The silence that followed was laced with discomfort. Her answer wasn't wrong—but it was brutally impersonal.

Instructor Reuss nodded, unreadable. "Pragmatic. Now… von Zehrtfeld, Lelouch?"

Lelouch, who had been leaning back, eyes half-lidded in thought, straightened and spoke calmly.

"My sister outlined a method of isolating risk and securing outcomes. But I would suggest another layer—perception management."
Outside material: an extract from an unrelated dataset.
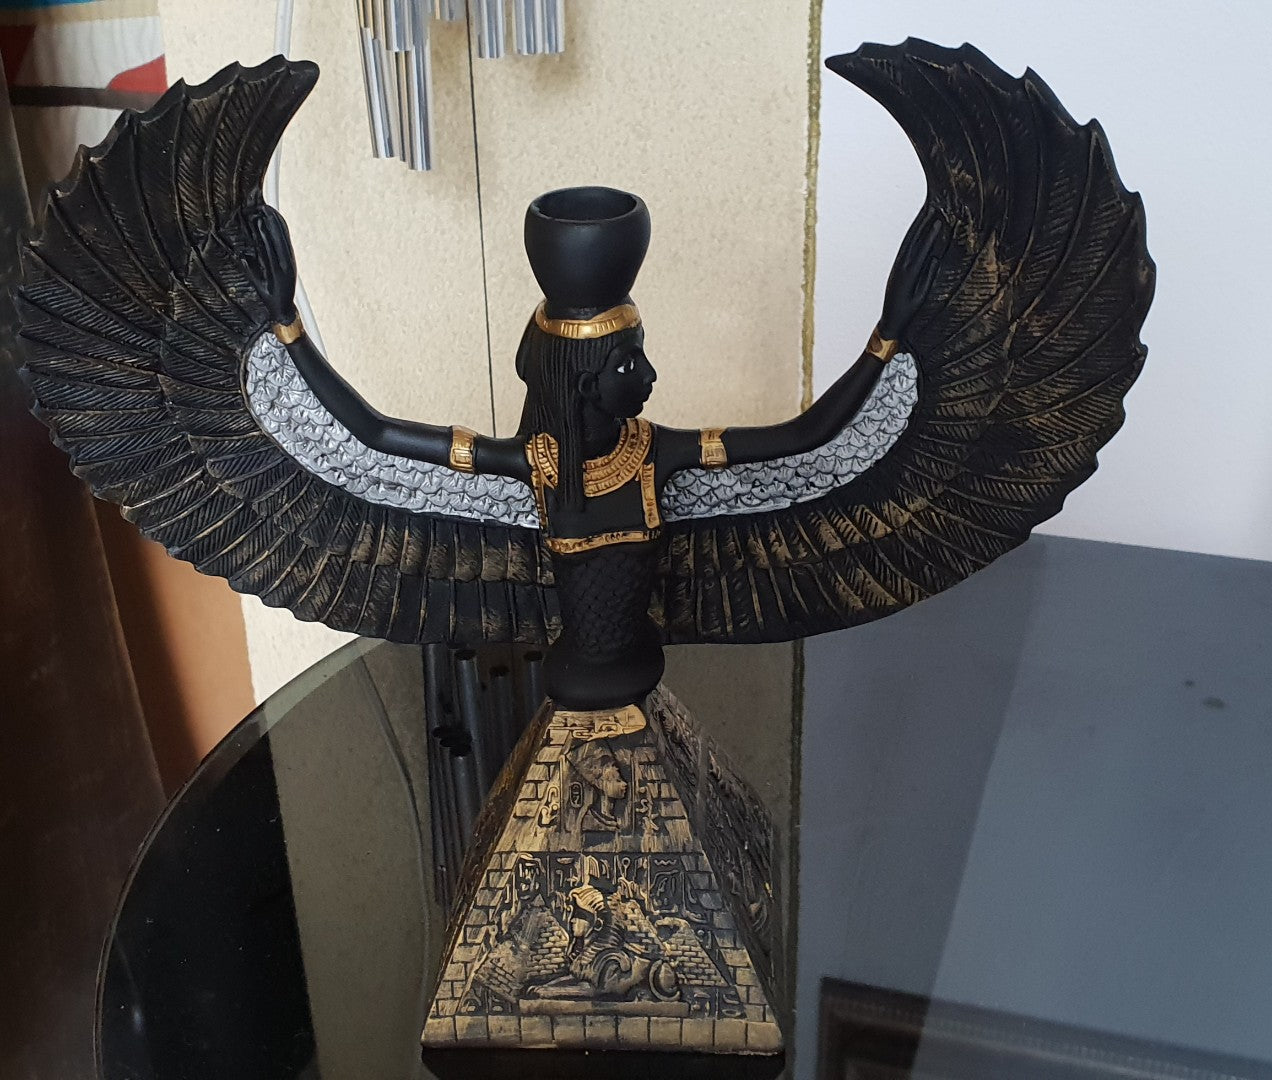 isis-statue-23-cm-tall-black-gold-candle-holder-single-handmade-in-egypt
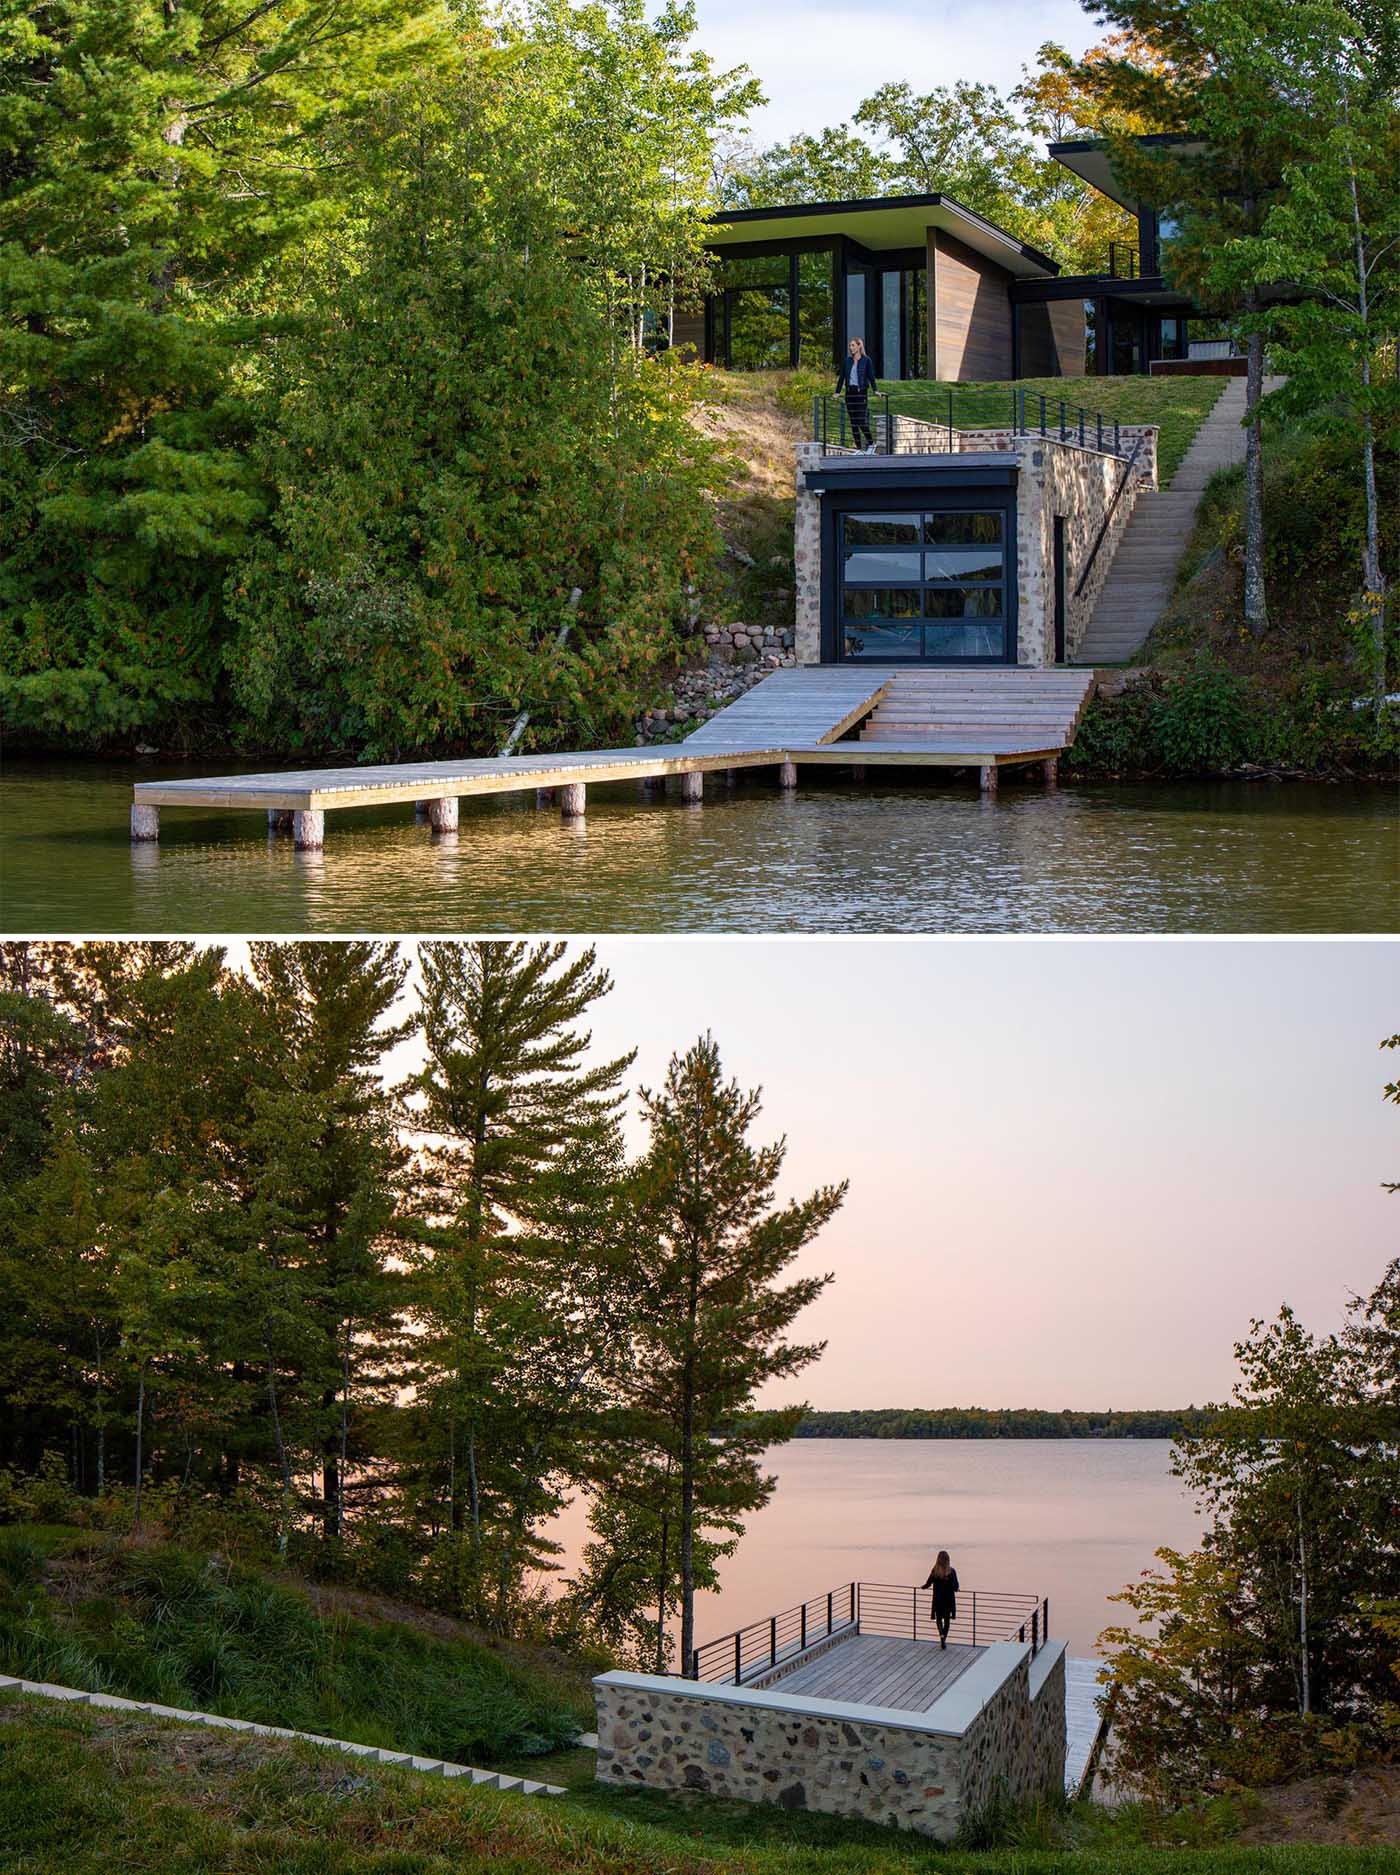 This modern home includes steps that lead down to a boathouse with a rooftop deck, as well as a dock.

His tone sharpened slightly. "The mission must succeed, yes. But consider the implications of how it succeeds. If the partner is volatile, leverage their motivations—fear, pride, desperation. Make them believe they are crucial. Give them a role that feels significant, even if inconsequential. Maintain morale through illusion if necessary."

He paused. "And then manage the narrative. Present unity externally. Suppress internal discord. Success, in the eyes of Command, is not only measured in mission metrics, but in perceived cohesion, adaptability, and leadership."

Another silence. This one held weight.

Reuss studied both of them for a long moment. "Two strategies. One focuses on control and efficiency, the other on manipulation and perception." He gestured between them. "Two sides of warfighting doctrine. Cold logic and psychological dominance."

He stepped forward, gaze narrowing. "And both effective. Provided you never falter."

The rest of the class seemed to shrink back slightly, sensing a deeper game unfolding.

But Lelouch and Tanya only inclined their heads in quiet acknowledgment—mirrors of calculation, each shaped by a different war, yet bound by a name heavier than most titles.

The academy had its prodigies.

But only two bore the von Zehrtfeld legacy.

And beyond the academy, the battlefield was already brewing.